▶ Exercise brief: For this exercise, copy the data exactly and omit any images.

▶ Supplied material:
· · · · · · ·
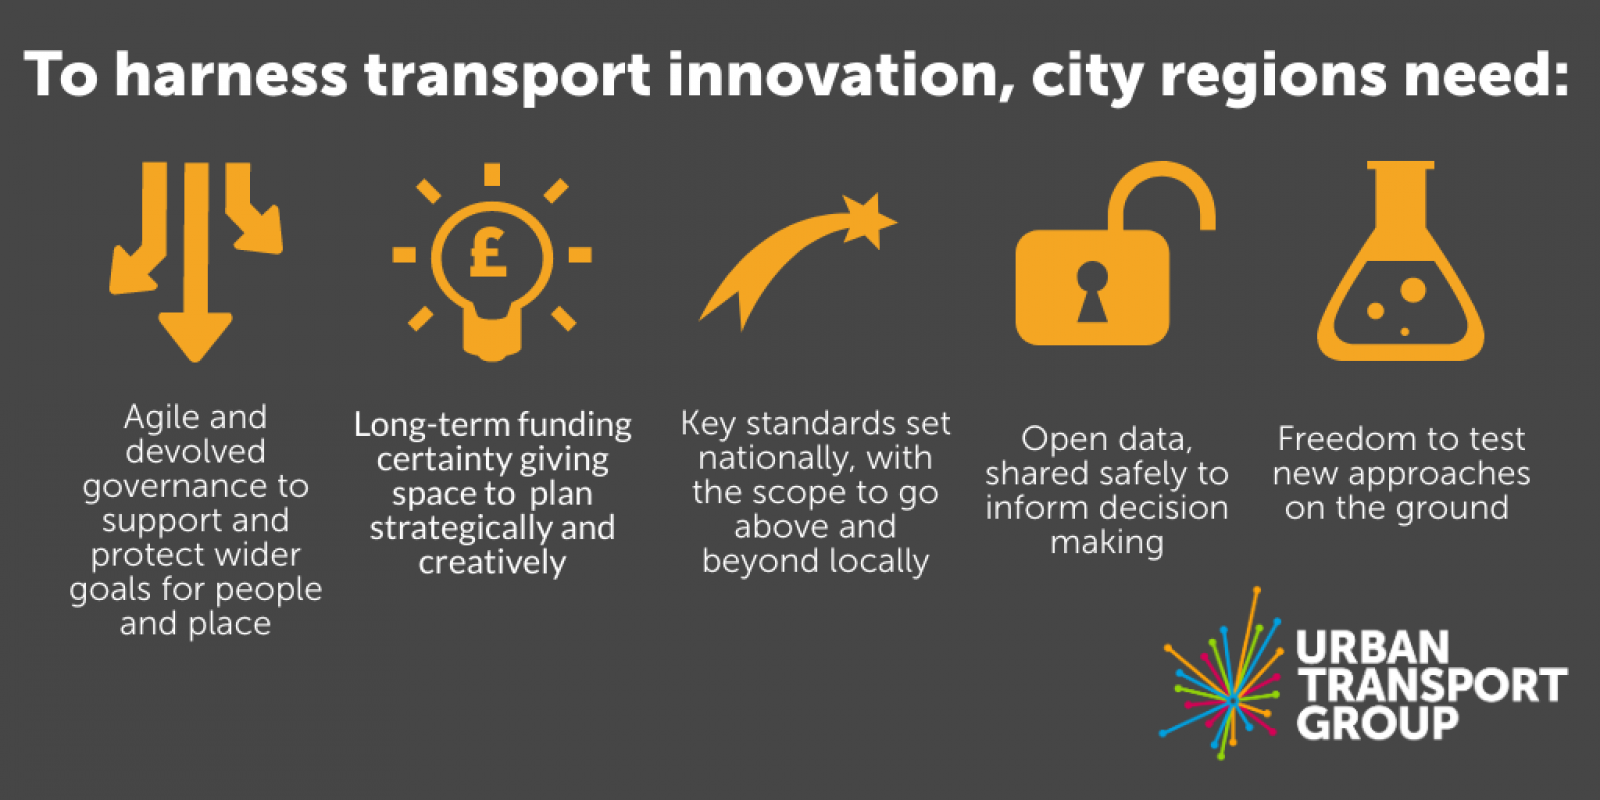 Foundations for transport innovation
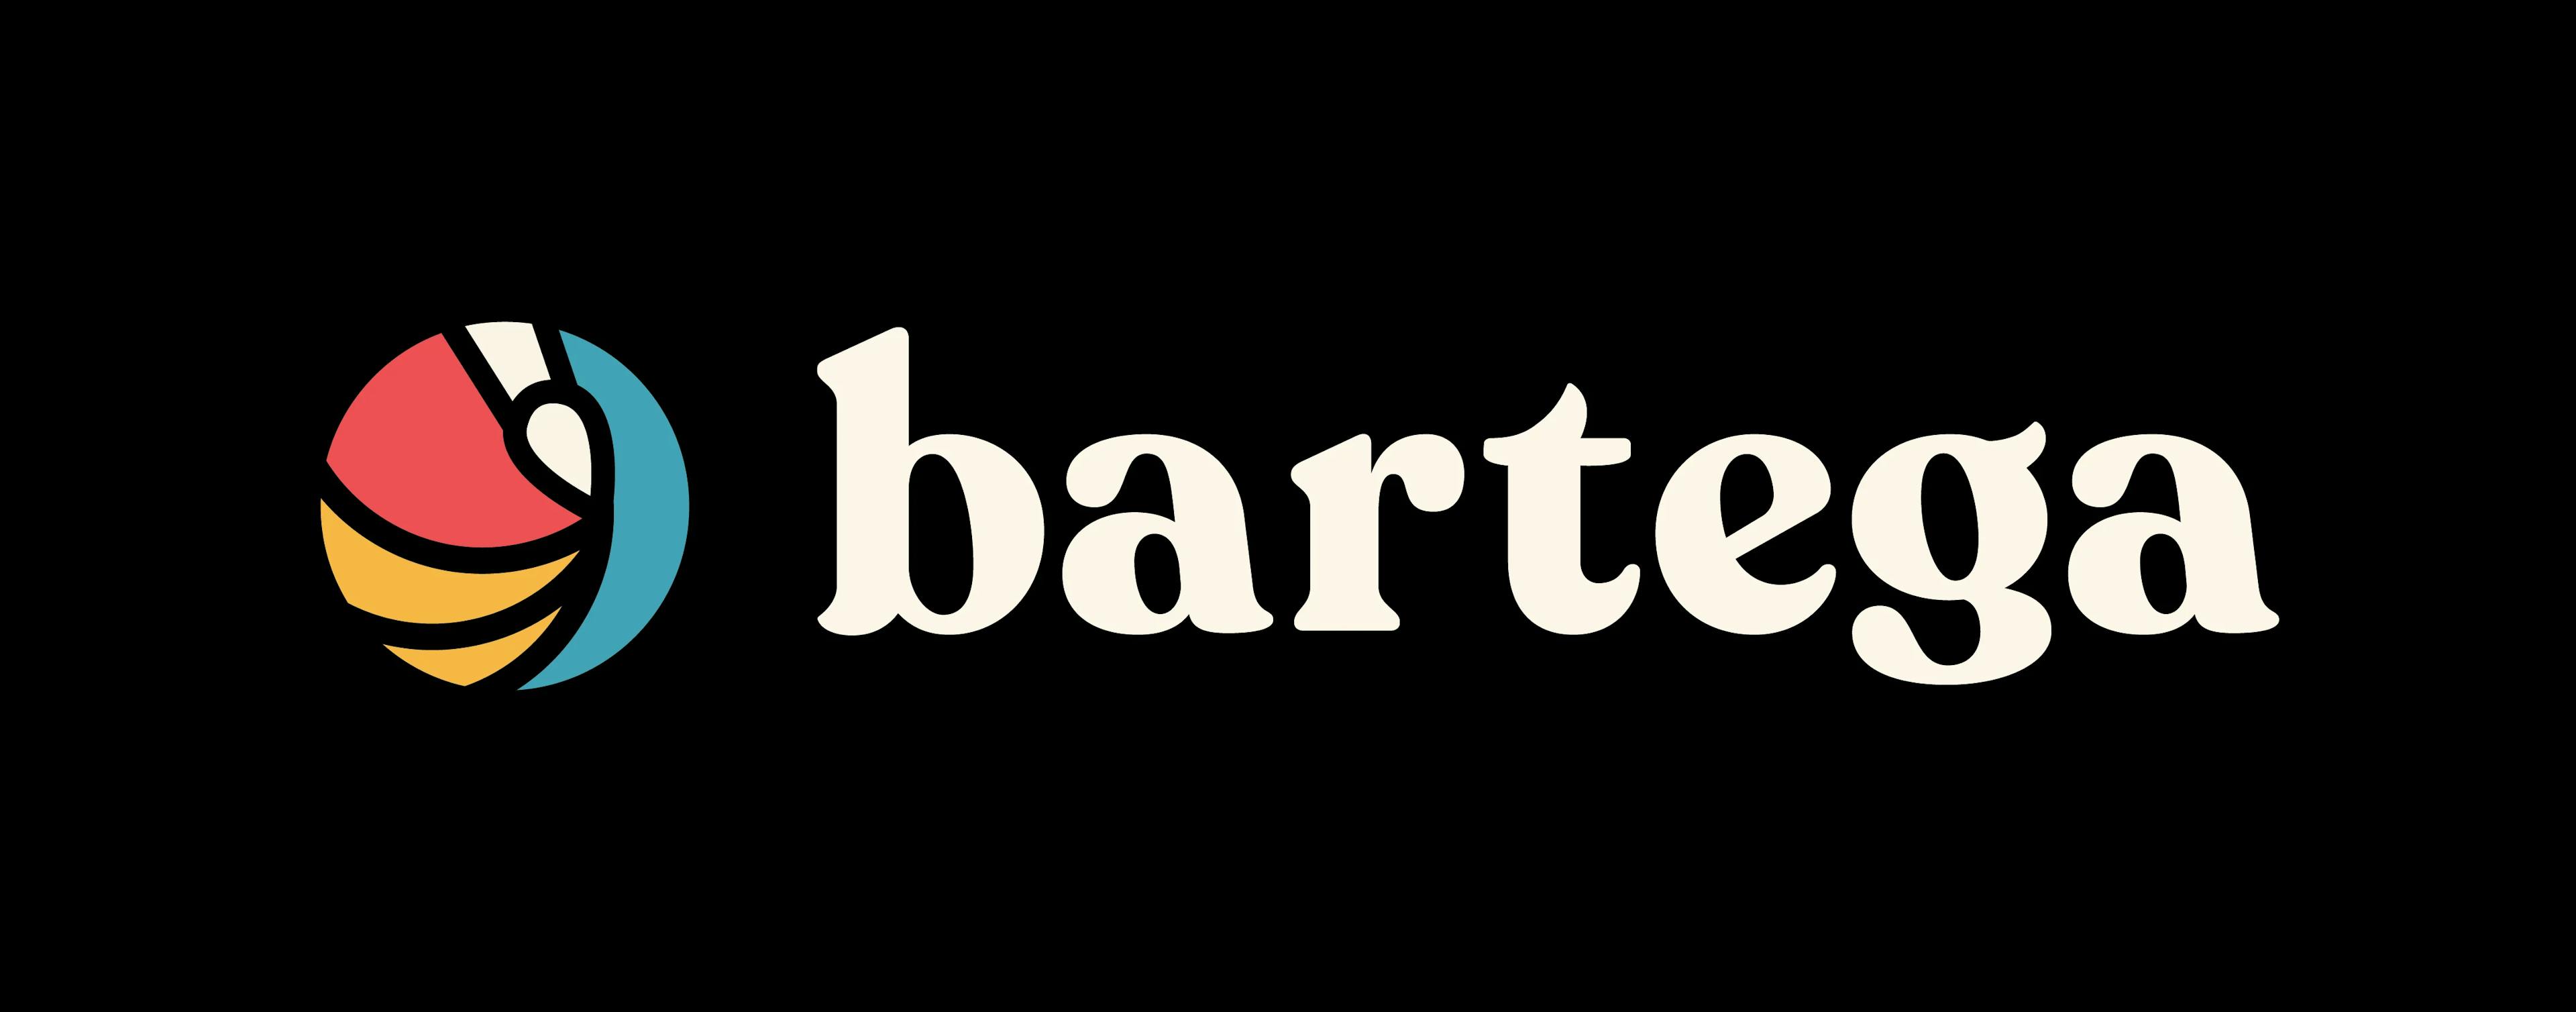 bartega-logo
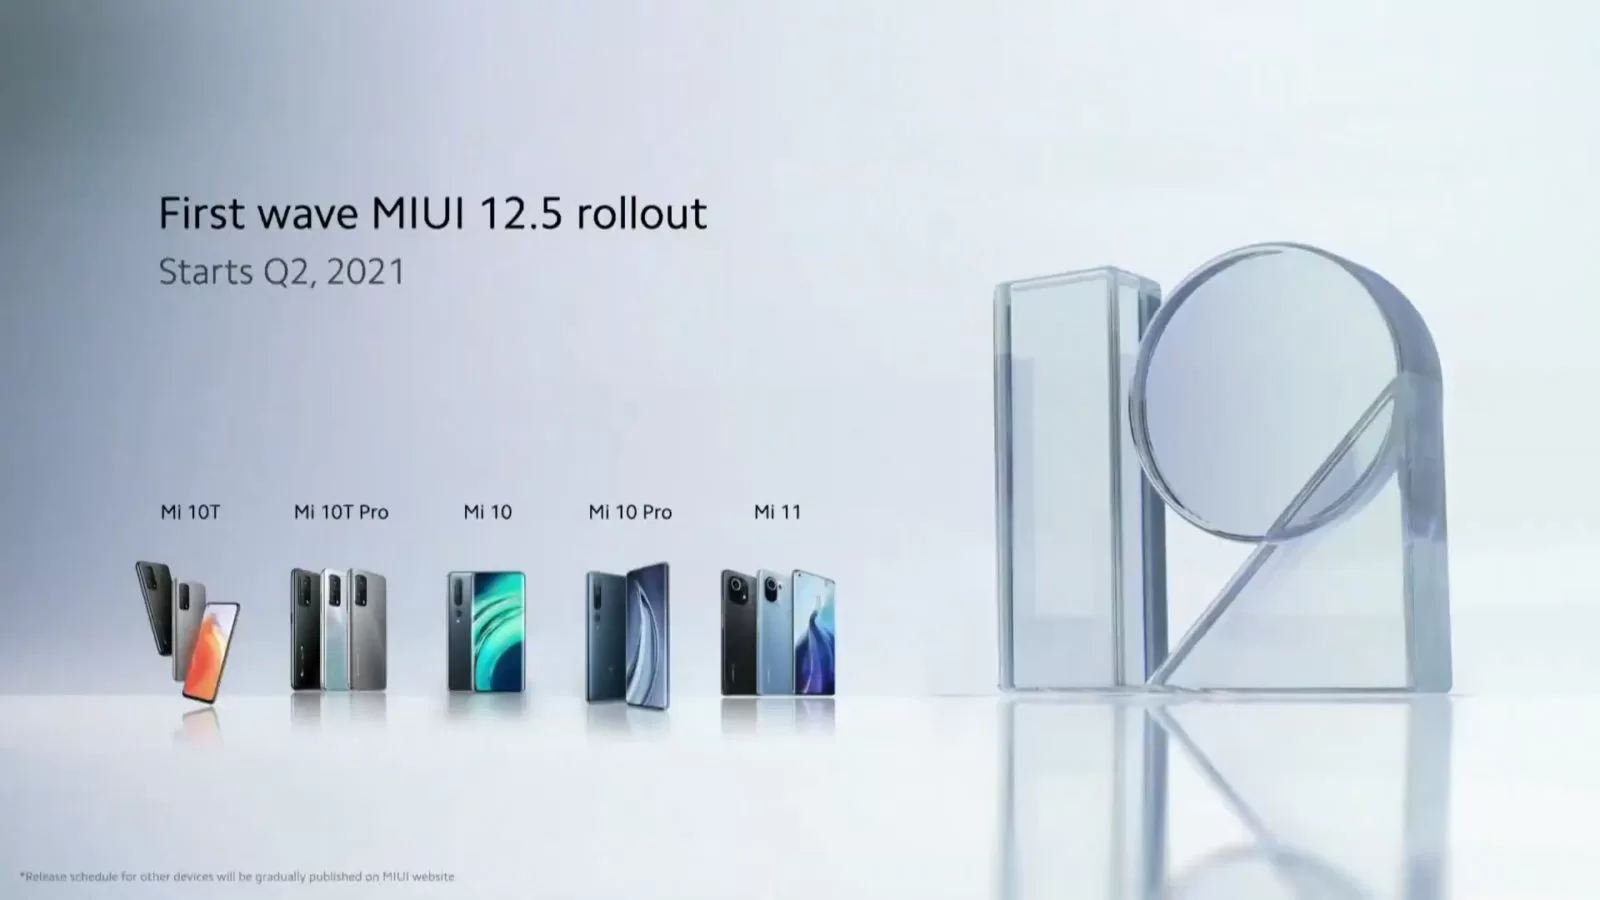 Xiaomi MIUI 12.5 rollout | MIUI 12.5 | ข่าวดี MIUI 12.5 จะให้ผู้ใช้งานลบแอปที่ติดมากับเครื่องได้แล้ว
· · · · · · ·
▶ Output of the exercise:
 Foundations for transport innovation
 bartega-logo
 Xiaomi MIUI 12.5 rollout | MIUI 12.5 | ข่าวดี MIUI 12.5 จะให้ผู้ใช้งานลบแอปที่ติดมากับเครื่องได้แล้ว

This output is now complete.